In der Klasse "Columns" ist mittels Annotations festgelegt wie die Metadaten-Tabelle heißt und welche Spalten sie hat. Wenn ich jetzt die gleiche Abfrage gegen den SQLServer schicke, heißt die Tabelle ja anders (nicht mehr syscat.columns sondern INFORMATION_SCHEMA.COLUMNS) und ebenso heißen die Spalten anders. Somit kann ich jetzt die Tabelle nicht mehr auf die Klasse "Columns" mappen.
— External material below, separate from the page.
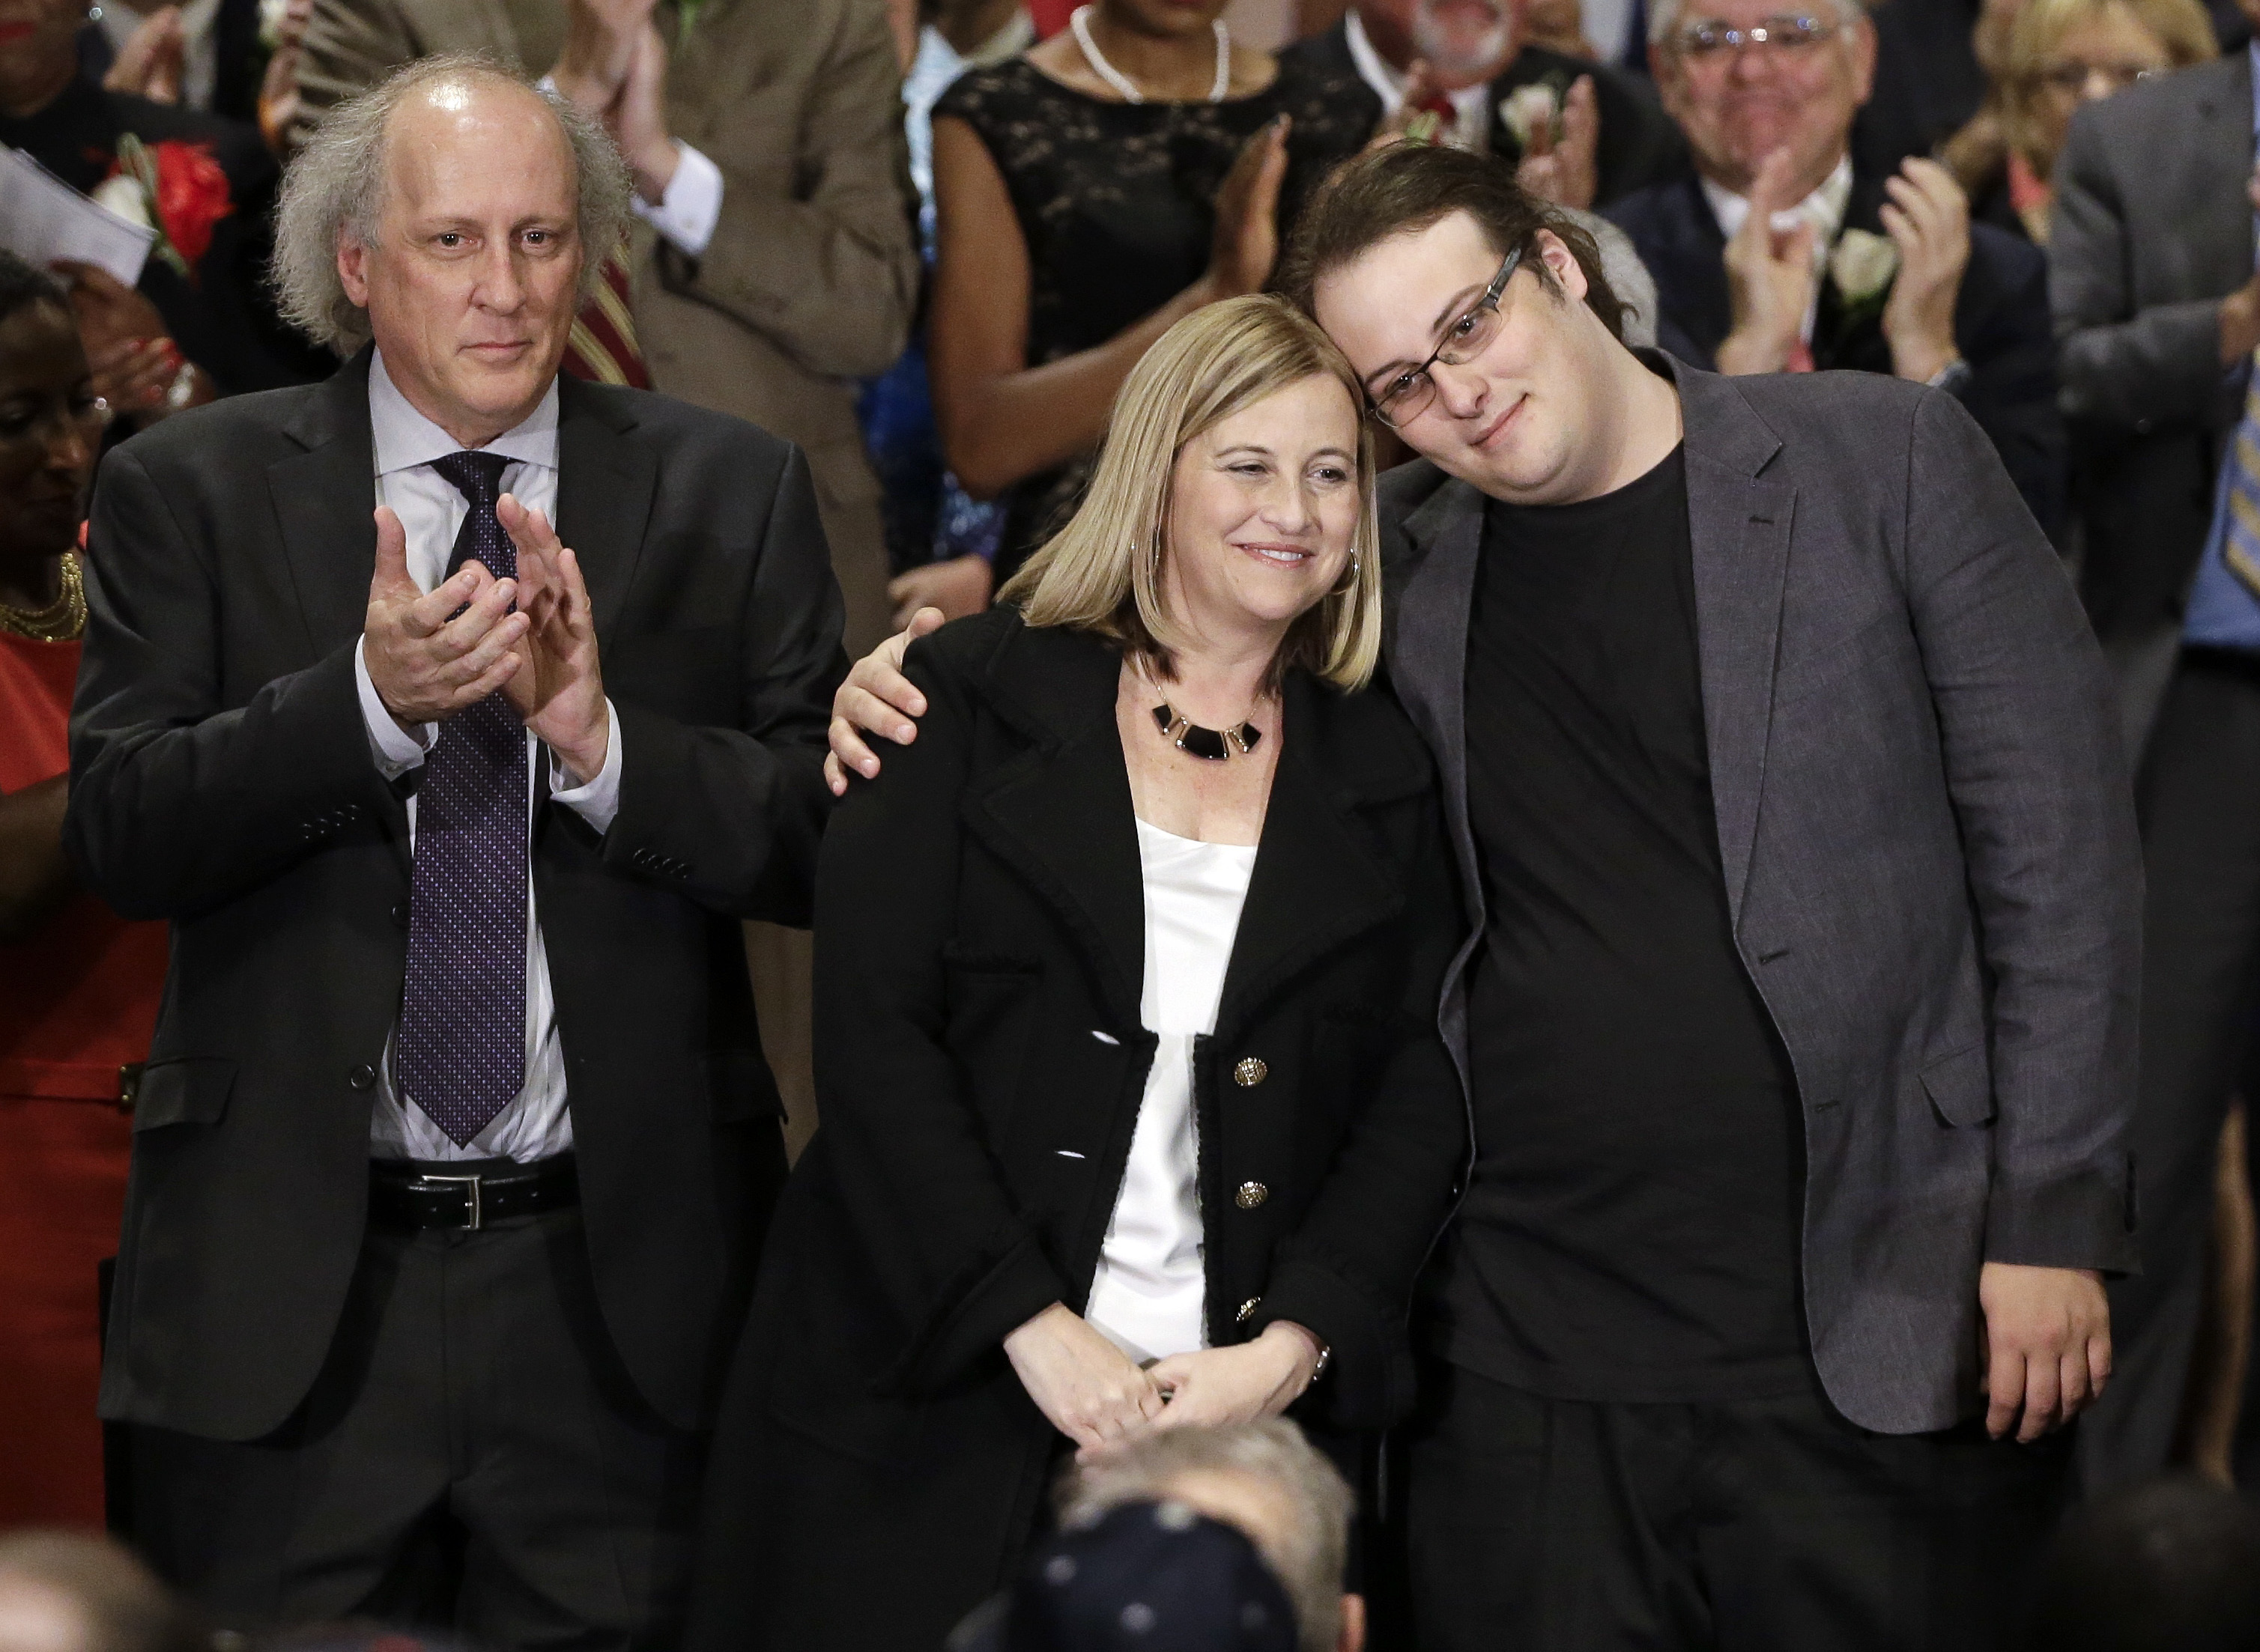 Nashville Mayor Megan Barry, center, is hugged by her son, Max, as her husband, Bruce, left, applauds after she was sworn into office in Nashville, Tenn., on Sept. 25, 2015 (Mark Humphrey—AP)

Wie kann ich unabhängig von der Datenbank mittels Hibernate auslesen welche Tabellen und Spalten in der Datenbank existieren und das Ergebnis auf meine Objekte mappen?


----------



## KSG9|sebastian (19. Mrz 2009)

session.createSQLQuery(..) köntnest verwenden...


----------



## Samson_Miller (19. Mrz 2009)

Soweit war ich auch schon, leider heißen die Attribute der Metadatentabelle in DB2 anders als in SQLServer, somit kann ich das nicht auf ein und das selbe Objekt mappen.


----------



## maki (19. Mrz 2009)

Samson_Miller hat gesagt.:


> Soweit war ich auch schon, leider heißen die Attribute der Metadatentabelle in DB2 anders als in SQLServer, somit kann ich das nicht auf ein und das selbe Objekt mappen.


Bist du sicher dass du ein ORM (wie Hibernate) für diese Aufgabe brauchst bzw. ob es dir hilft?


----------



## Samson_Miller (19. Mrz 2009)

Für alle anderen Datenbankzugriffe in meiner Anwendung verwende ich Hibernate und das klappt super. Eine Alternative wäre an dieser Stelle auf mittels normalen JDBC-Code die Metadaten der Datenbank auszulesen und Hibernate somit zu umgehen. Aber vielleicht muss ich Hibernate ja gar nicht umgehen. Das ist halt die Frage.


----------